To see her eyes shinning while she was talking about the months she spend on Cuba and about how beautiful the participation mechanism promoted by the government looks; made me think that there is another country out there, supposedly mine but yet it presents to me like a foreign land.
I used to think of Venezuela as a coin, with two sides impossible to get together again. But goes farther than that: it’s like two parallel universes having lunch together in an unknown table, and the food taste the same to all, but still whatever is separating us, it’s so strong that cannot be described in words. Its a sea of confusion where all it remains its the resignation locking yourself inside your own sphere; while life goes on out there in a way that makes you reach to the famous childhood conclusion that you must be definitely an alien. A bad alien even. And there is nothing you can do to change it.
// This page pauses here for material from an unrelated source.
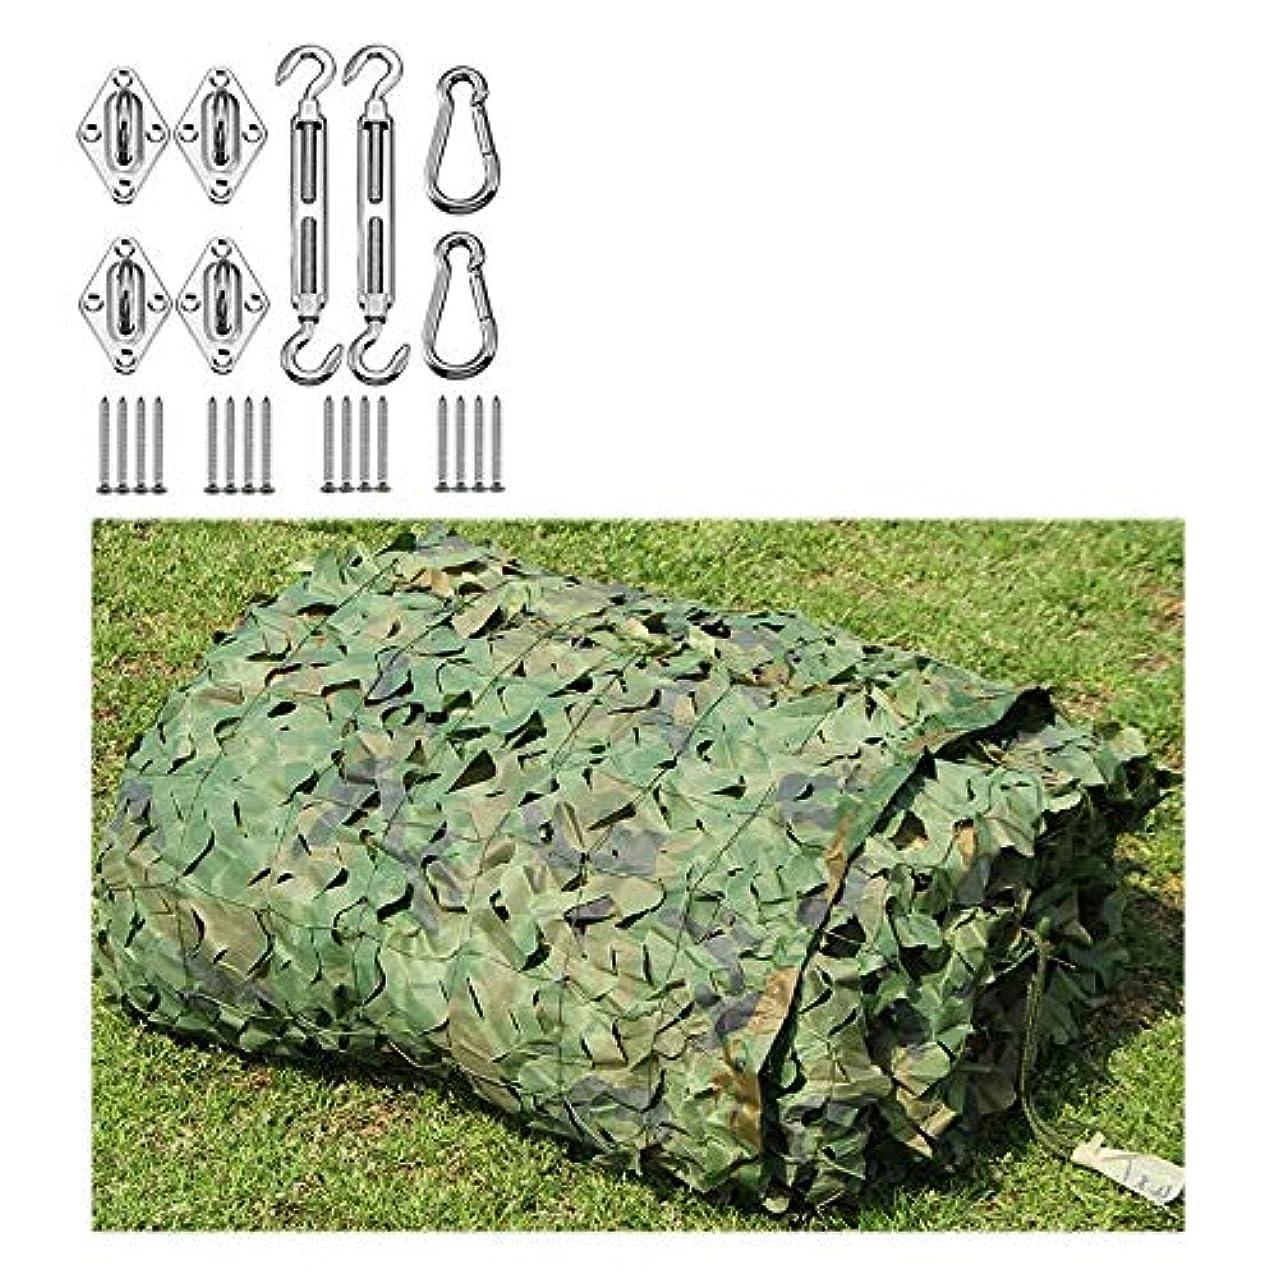 葉生き残ります割れ目ガーデンオーニングネッティングカモサンシェードセイル防水防カビ軽量UVブロックパティオデンツ隠す寝室キャンプ4x5m迷彩ネッティングキャノピー(アクセサリーを含む),3*3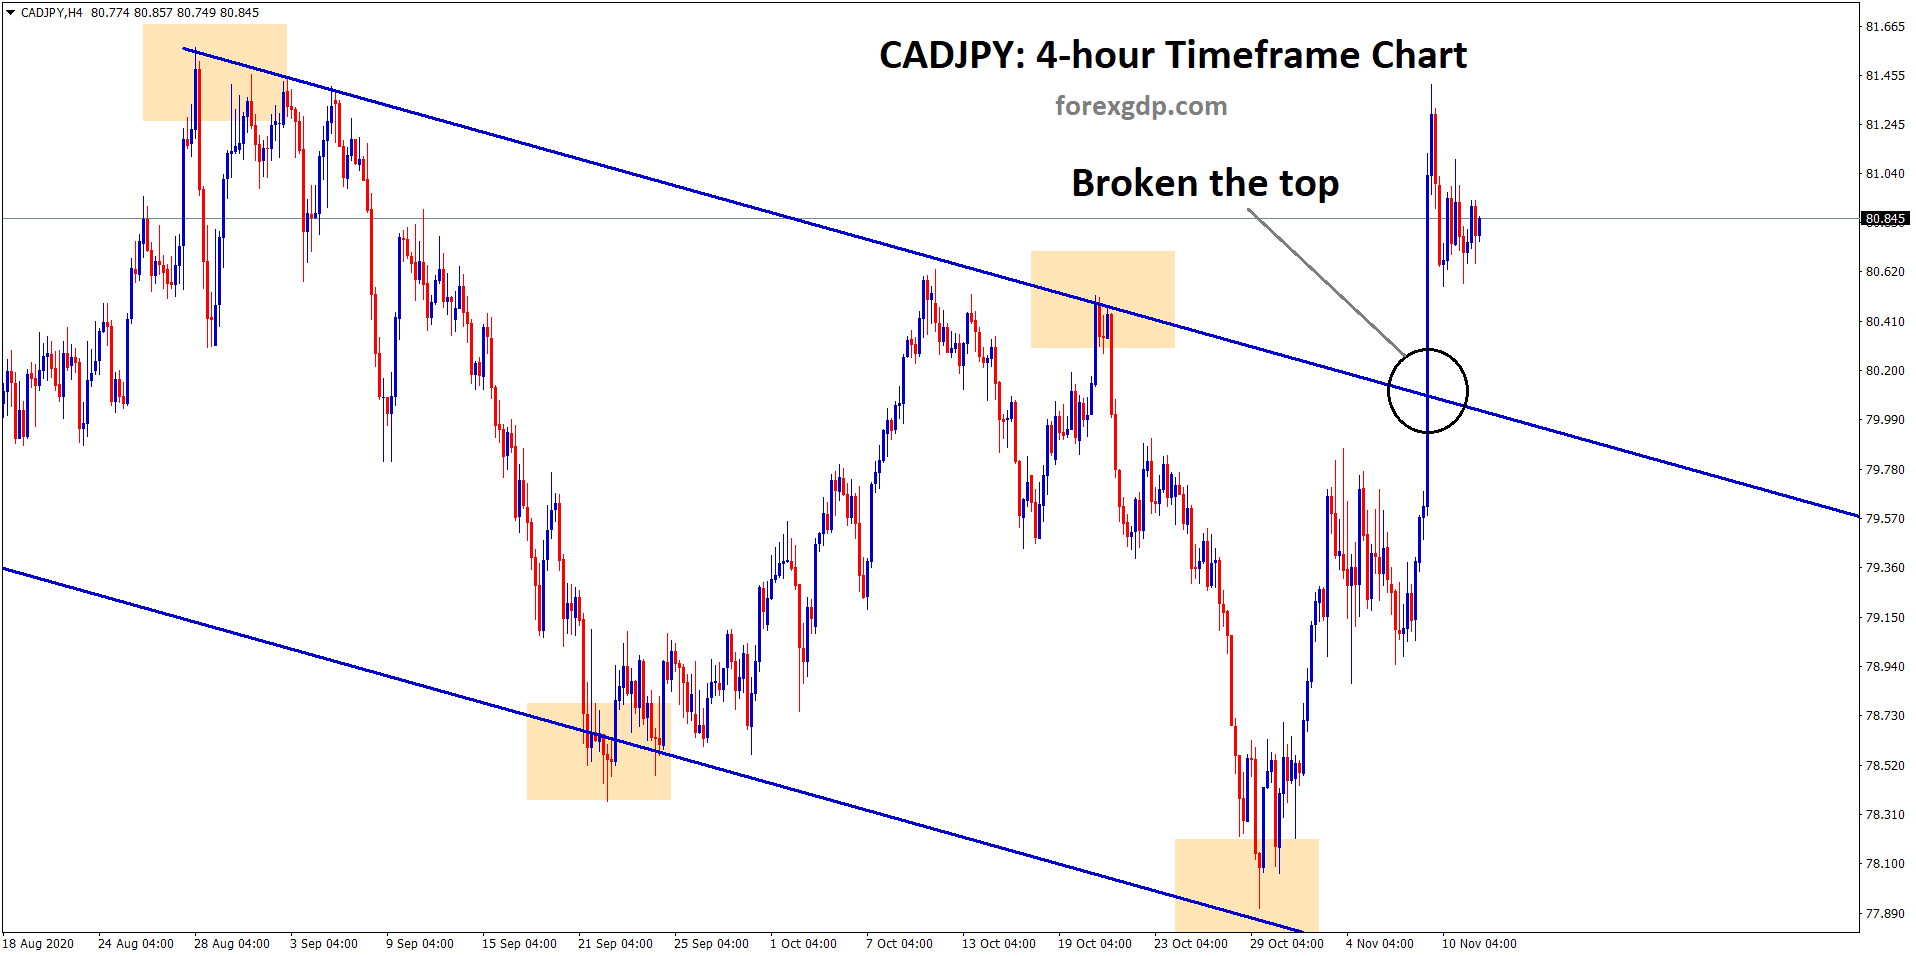 cadjpy has broken the top of the descending channel

Anyway, a few hours later, the night was starting to welcome us still at the same class and when we heard some thunders announcing a heavy rain (and as a result, the terrible expectation of loads of traffic on our ways back home), we all started to feel kind of desperate to put an end to that class. So she gave me this look of “When is this professor going to shut up?”, smiling and I smiled back, thinking: “A lo mejor tu eres una revolucionaria, y a lo mejor yo no lo soy; ¿Y eso qué?” (in English, roughly translated: “Maybe you are a revolutionary, maybe I’m not – well I’m certainly not! – and so what?”.
While my friends still can’t get why I’m able to share a class with people who work for the government, I have reached to the conclusion that it’s harder to live in a world divided between friends and enemies than in a world divided between just people. But to reach to that conclusion, to go from hitting a car’s window to the “So what?” is an assignment as big as mountain that I had not climbed completely yet. I still don’t know if is possible to go farther that smiling look. I gave her my instant messenger address but she never added me – or maybe she doesn’t use it. And what’s going to happen when new riots and strong crisis meet us again? What look would she give me the day after the reform elections if for some amazing surprise Chavez loses? What look would I give her back if the reform becomes a reality?
I don’t know, I want to pursue the illusion that after years of hate, we can met in the same classroom as equals, as we did a couple of days ago. And if it happens, it will be a lot easier to live here.